K. O. and S. O. designed the workshop activities; K. O. and L. M. B. delivered them with assistance from local facilitators.
R. R. and J. K. led a review each, about children's views of obesity and about obesity and attainment, respectively, including reflecting on the influence that young people had on their review.
S. O. devised the methods for the workshop with K. O. and contributed to the review about obesity and attainment. She set the young people's influence of the two reviews in the context of systematic review methodology.
J. T. is PI and is responsible for the programme of work as a whole. He contributed to planning and devising the reviews' methodology and the timings of the participation activities.

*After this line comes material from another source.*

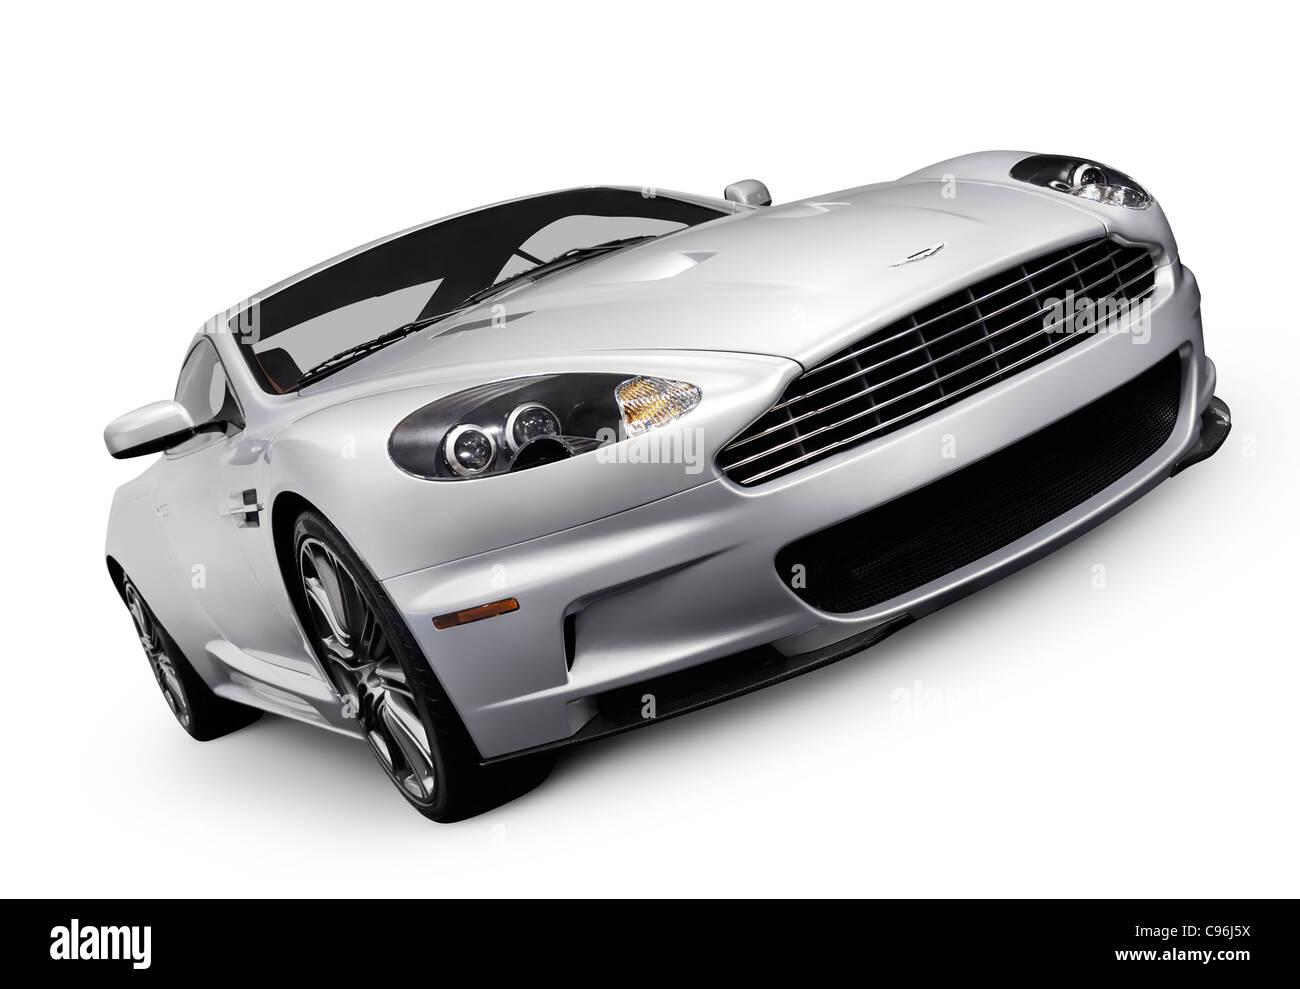 2009-Aston Martin DBS-Luxus-Auto. Isoliert mit Beschneidungspfad auf weißem Hintergrund. Stockbild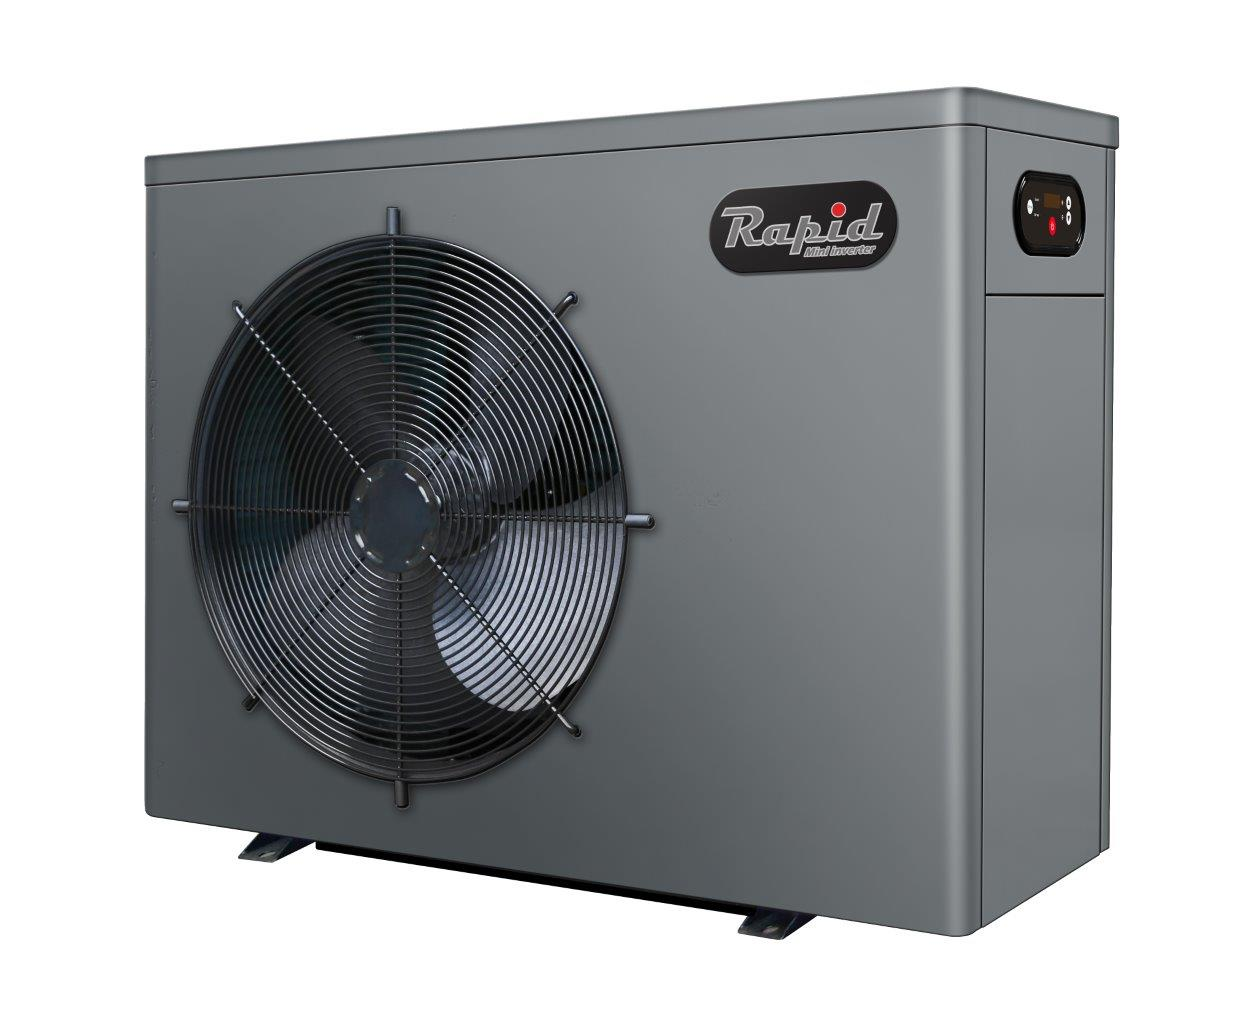 Tepelné čerpadlo Rapid Mini Inverter RMIC06 (BPNCR06) 6,0kW s chlazením

All authors critically reflected on user involvement in systematic reviews and contributed to the manuscript.
Acknowledgements
We thank the local facilitators, Deepa and Anita, for their help with the workshops. We also thank colleagues at the EPPI Centre for their work on the systematic reviews, especially Claire Stansfield and Jenny Woodman, and the editors and two peer reviewers for their very helpful comments. Finally, we thank the members of the PEAR group for all their contributions. This work was undertaken by the EPPI‐Centre, which received funding from the Department of Health. The views expressed in the publication are those of the authors and not necessarily those of the Department of Health. Responsibility for the views expressed remains solely with the authors.
Oliver, K. , Rees, R. , Brady, L.‐M. , Kavanagh, J. , Oliver, S. , and Thomas, J. (2015) Broadening public participation in systematic reviews: a case example involving young people in two configurative reviews. Res. Syn. Meth., 6: 206–217. doi: 10.1002/jrsm.1145.
Key message: Involving users in reviews successfully requires attention to the nature of both review tasks and involvement activities.